Depois de muitos anos expostos ao sol de todo dia no sertão alagoano fomos contemplados com projeto de cobertura metálica da única quadra poliesportiva, fruto de um convênio - naquele tempo ainda possível - com a FBB-Fundação Banco do Brasil. Mas a conquista não foi mansa e pacífica, herdamos também um litígio que nos atormentou por muitos anos. No final da década de 1980 e início dos anos 1990 muitas mudanças ocorreram e, dentre elas, se extinguiram todos os subsídios e investimentos da parte do Banco e FBB às associações de funcionários.

A associação que quisesse sobreviver teria de produzir suas próprias receitas. De repente, vimo-nos entregues à sorte, apoiados na esperança, contando com a boa vontade e o talento dessa brava gente guerreira. Para fortalecer os clubes foi criada a FENABB-Federação Nacional de AABB, que até hoje atua em defesa das associações de todo o país.

Tendo a escassez como constante, somente a criatividade e união dos seus diretores poderia levar adiante o projeto de um clube integrativo que se abria à comunidade e dependia dela para sobreviver. Para manter vivo o legado, uma das saídas foi priorizar os esportes, principalmente futebol de salão, nas três categorias: Infantil, juvenil e adulto. Assim foi feito.

Com apoio da FENABB-Federação Nacional de AABB, realizamos a 1ª Copa AABB de Futsal Infantil, no período de outubro a dezembro de 1995. Dentre os inscritos, deparamo-nos com a equipe da vizinha cidade de Dois Riachos que constava do rol dos atletas uma menina chamada Marta.

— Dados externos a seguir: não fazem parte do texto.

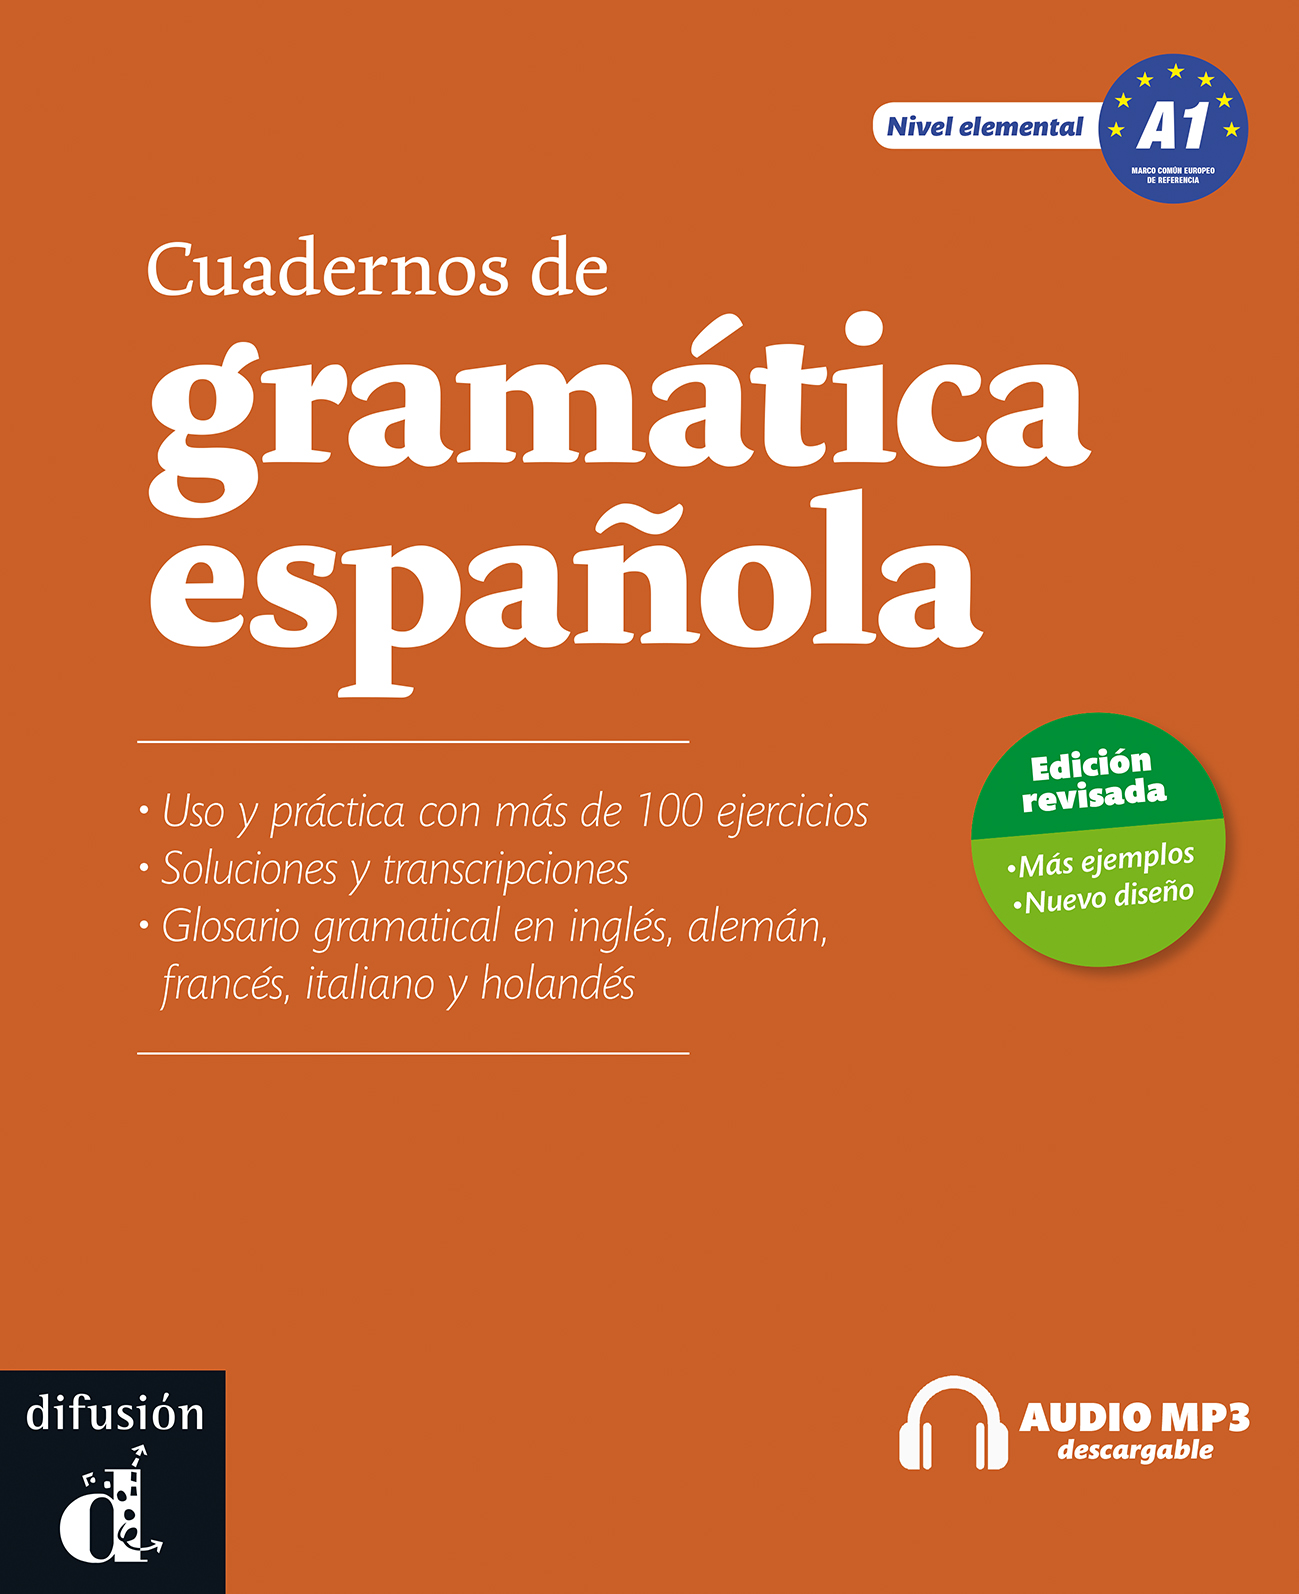 Cuadernos de gramática espanola 1

Equipe Dois Riachos. Marta, no destaque
Foi impactante a exibição da hábil canhota de dribles desconcertantes e chute poderoso que logo na partida de estreia já encantou o público, fez gol e foi destaque. Dos adversários, além dos aplausos, conquistou também o ciúme com a sua flecha preta. Os times concorrentes, inconformados com o talento da estreante, entraram com recurso junto à comissão organizadora para inabilitar a presença da atleta no campeonato, simplesmente por discriminação de gênero.

Reunida a comissão formada pelos clubes interessados, árbitros e diretoria do clube, do qual eu fazia parte como vice-presidente esportivo, decidimos pela sua permanência. Representando a equipe visitante estava o senhor Júlio, conhecido como Tota, que era treinador da jogadora e do time. Argumentamos que, enquanto não tivéssemos um campeonato similar na categoria “futebol feminino”, a AABB não vetaria a participação de qualquer jogadora até como incentivo. Tanto a menina, quanto os meninos, tinham as mesmas possibilidades e estavam sujeitos às mesmas regras disciplinares, portanto não havia fundamento para retirá-la do torneio.

Superado o impasse, ali se iniciou a carreira de uma das mais brilhantes e bem sucedidas jogadoras de futebol feminino de todos os tempos. Fomos testemunhas. Naquela edição Marta foi revelação, artilheira e sua equipe campeã. Performance incontestável!


AABB Santana do Ipanema
Os contemporâneos não tinham ideia da revolução que estava acontecendo. Cada exibição do seu clube aumentava a legião de fãs. O talento inato ganhava autonomia e significado, porém ainda era preciso muita dedicação, trabalho e um longo caminho à frente. Como nem tudo são flores, era inevitável que a atleta fosse em busca do seu sonho na região Sudeste onde já havia investimentos dos clubes cariocas para profissionalização da categoria.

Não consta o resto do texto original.